We were working to find that fit in the intersection of the fintech and crypto market. It might be fair to say that late 2022 / early 2023 was a “bad market,” and that bad market won.

https://pmarchive.com/guide_to_startups_part4.html

Push vs Pull

When building a product, there are two broad categories of experiences: “Push vs Pull.”

Pushing is advertising, selling, convincing. If you’re pushing, it may either be because you’re market annealing, or you’re barking up a non-PMF tree. “Pull” is the response to a known market need where customers feel as if they’re “pulling” your product out of your hands. We’re using the feeling of “market pull” to indicate we’re on a path to PMF.
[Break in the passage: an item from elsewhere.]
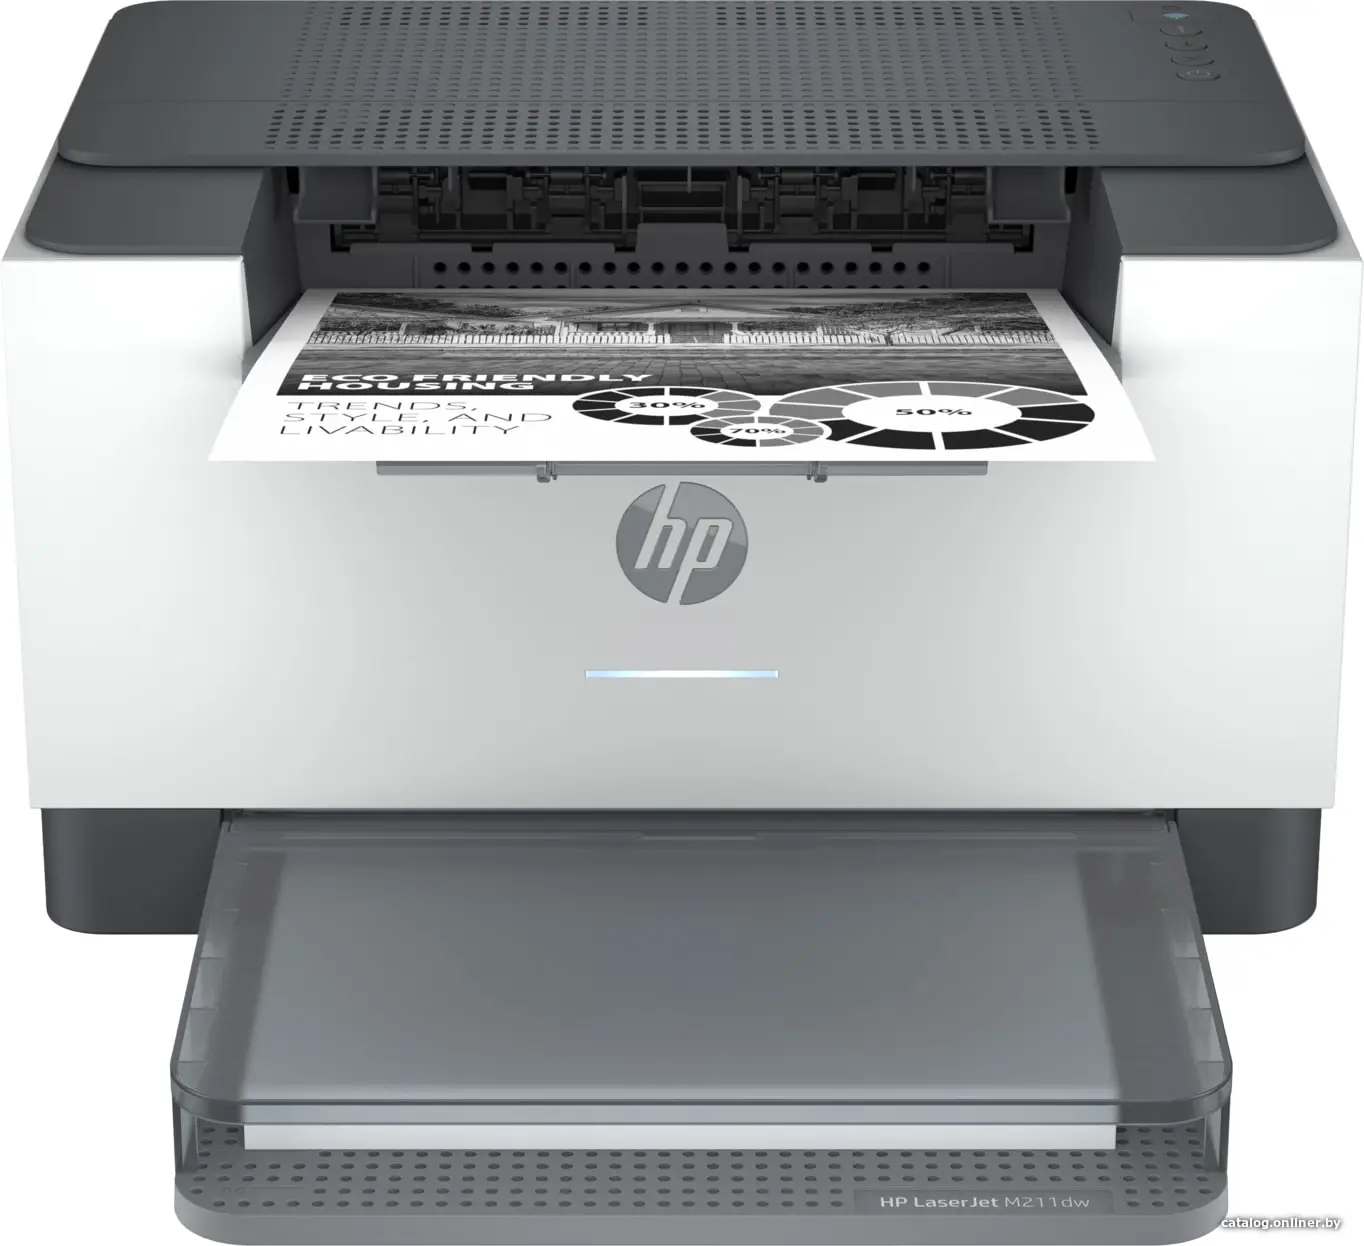 Купить Принтер HP LaserJet M211dw (9YF83A), цена, опт и розница

When we no longer felt pull working on our old product, we knew it was time to explore new paths.

Exploring PMF Paths

We had our heads up and experimentation hats on. But now what? Where does one start in the PMF journey?

  1. Build your Inventory

Our inventory consisted of unique team skills and knowledge sets. For example, we thrive in navigating complex regulatory requirements in evolving markets. This inventory functioned as our compass as we started exploring current market opportunities.

2. Map Market Regions

We returned to an analogy of sailing to explain our journey. While our inventory was our compass, we had a wide map to explore containing many different market segments. We could sail near areas and, if they looked promising, disembark to deepen our knowledge, take note of unsolved problems, and identify interesting opportunities.

3. Deepen Opportunity Knowledge

We found that our ability to find interesting opportunities was directly tied to the “depth” of knowledge we had acquired. I define “depth” as quality which stems from uniqueness and accuracy. Given our compass specifically pointed in the B2B Fintech Infrastructure direction, we needed knowledge from the lowest level of the knowledge graph: customer feedback.
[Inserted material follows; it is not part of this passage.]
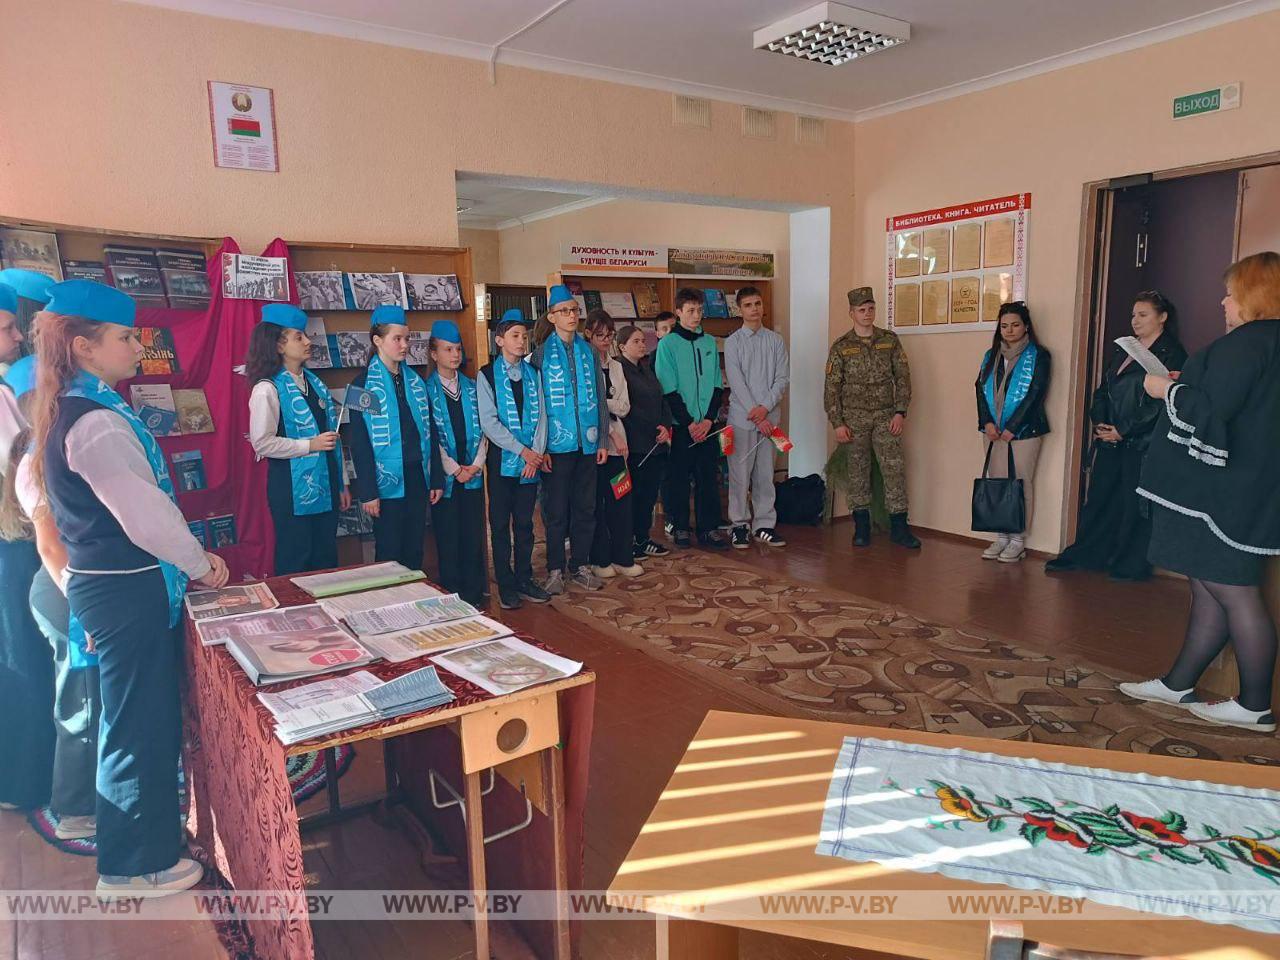 Сотрудники Жидченского Дома культуры провели для учащихся школы мероприятие, посвященное Международнрму дню освобождения узников фашистских концлагерей

However, we couldn’t jump straight down to customer feedback. If we called a CEO and asked about their biggest problems, they said “revenue,” “CAC,” or “COGs.” This didn’t give us enough surface area to come back with any meaningful suggestions, and we couldn’t ask any better questions. Instead, we worked more like researchers, perhaps because that was my comfort zone after having worked in research labs for years.

I would start with a hypothesis, using google to fill out my knowledge gaps and verify if my hypothesis was valid. After googling, I would take my refined hypothesis to friends in the industry friends to ask for their take. Often they’d say “well that’s not really a problem, but this other thing is!” This would sometimes cause me to get back on my metaphorical sailboat and sail for new shores. Other times, it would deepen my understanding of the problem area and kick off further learning on how other companies were trying to solve this problem.

The “tool” stage would enable me to build out a landscape map and hone in on areas of underdevelopment. This gave me a better feel for a market segment. I didn’t want to build in a crowded space, and if I saw many tools thinking about the same problems, I doubted that I would have a 10x better solution. If, after conversations at this level of the knowledge graph, I still had lingering unsolved problems, I would have a deep understanding of them and could write rough pitches and better discovery questions around them.

The final stage, and the largest by far, is the customer stage. Only in this stage do you get a feel for what the market pull feels like around a specific problem. The benefit of going in this order is that by the time I was talking with customers, I had a solid understanding of the problem areas I really wanted to lean into asking them about and could get detailed feedback on their complex operational problems and needs.

While we don’t know what the future holds yet and if this process will result in PMF, it has given me multiple market areas to explore deeply and get customer feedback on products addressing real problems they’re facing.